You seem to be completely missing basically every point I have made.  You were 
the one who said redundancy was a *goal* of swift, which it is not.

I have explained the actual issues with the current design of access controls 
in earlier posts (as well as various mitigation strategies). They had nothing 
to do with redundancy.


> On Mar 24, 2017, at 9:09 PM, Drew Crawford <d...@sealedabstract.com> wrote:
> On March 24, 2017 at 10:28:43 PM, Xiaodi Wu (xiaodi...@gmail.com 
> <mailto:xiaodi...@gmail.com>) wrote:
> 
>> I'm not sure where you're reading that Chris thinks the current design 
>> reaches the stated aims to his satisfaction.
> 
> I'm pretty sure it's a fair assumption that when he introduces the 
> static/dynamic system to illustrate the design goals of Swift, he means those 
> goals can be seen in that feature to some significant extent.
> 
>> "We intentionally want Swift to have a common 'center of gravity' and be an 
>> 'opinionated' language, rather than fall to the 'design by committee' 
>> approach that leads to a watered-down design."  This is diametrically 
>> opposite to "shipping a full toolbox with plenty of overlap."
> 
> Chris has elaborated on this elsewhere 
> <http://atp.fm/205-chris-lattner-interview-transcript/>:
> 
>> Another thing to keep in mind is that Swift is opinionated, I guess is the 
>> way to say it. It really does encourage you to do the right thing where it 
>> can. For example, if you use var for everything, the Swift compiler 
>> [1:21:30] will say, hey, you marked this as a var but it could be a let, and 
>> let me fix it for you. That's just its subtle way of encouraging you to use 
>> immutable values, which is a very small thing, but it's just pushing you in 
>> the way that it thinks leads to a better code.

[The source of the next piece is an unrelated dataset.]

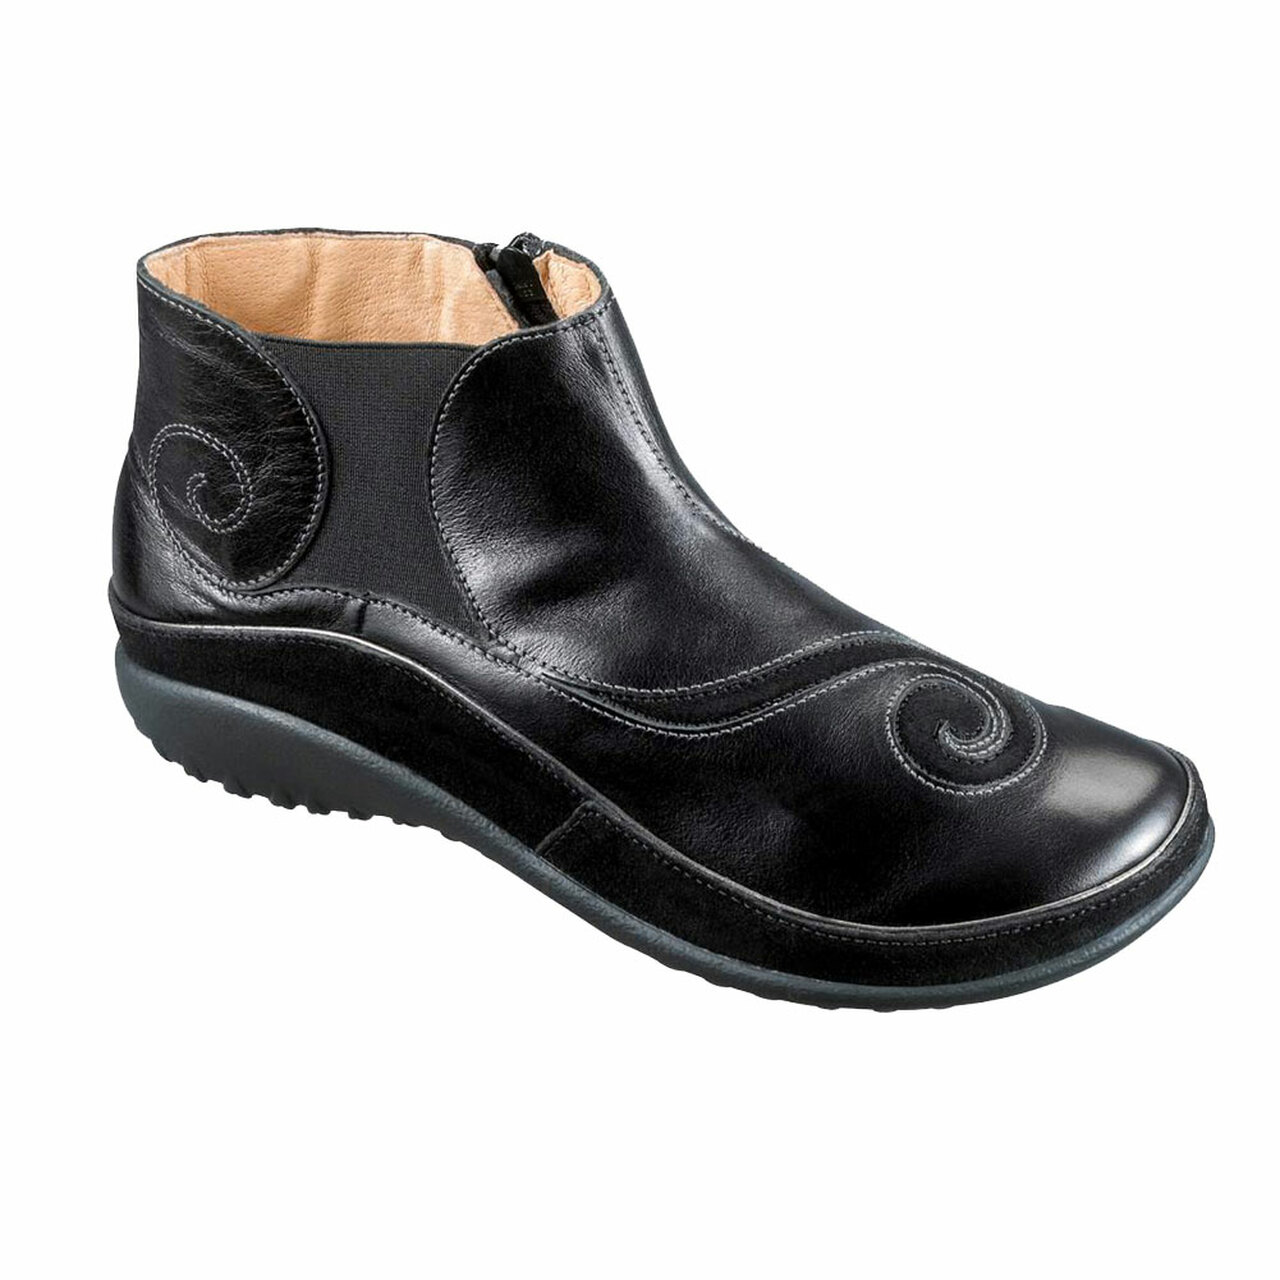 NAOT Womens Koru Chi Boots 11021-824

Immutability for a local 
>> variable doesn't matter that much except that it communicates something more 
>> to the person who has to read and maintain your code.
>> 
>> I think that Swift really does [1:22:00] encourage you down the right lines 
>> in some ways. But on the other hand, in other places where you're saying, 
>> "Should something be a class or a struct?”, the trade-offs are more nuanced 
>> and it's a harder thing, and the Swift compiler can't just know what problem 
>> it is that you want to solve, so it can't help you with that.
>> 
> 
> `let` and `var` are "redundant" in the same way as private/fileprivate; one 
> can effectively replace the other.  Far from advocating we should eliminate 
> the redundant keyword, he argues the compiler should encourage it, because 
> "Swift is an opinionated language" and an argument to the principle of least 
> power.  The analogous idea would be if the compiler offered a fixit to change 
> "fileprivate" to "private" where legal.  Actually, that would be an 
> interesting proposal, especially since some believe private/fileprivate is 
> hard to learn.
> 
> But "Swift is an opinionated language" is not a battlecry for eliminating 
> "redundant" keywords, it is an exhortation to use them correctly.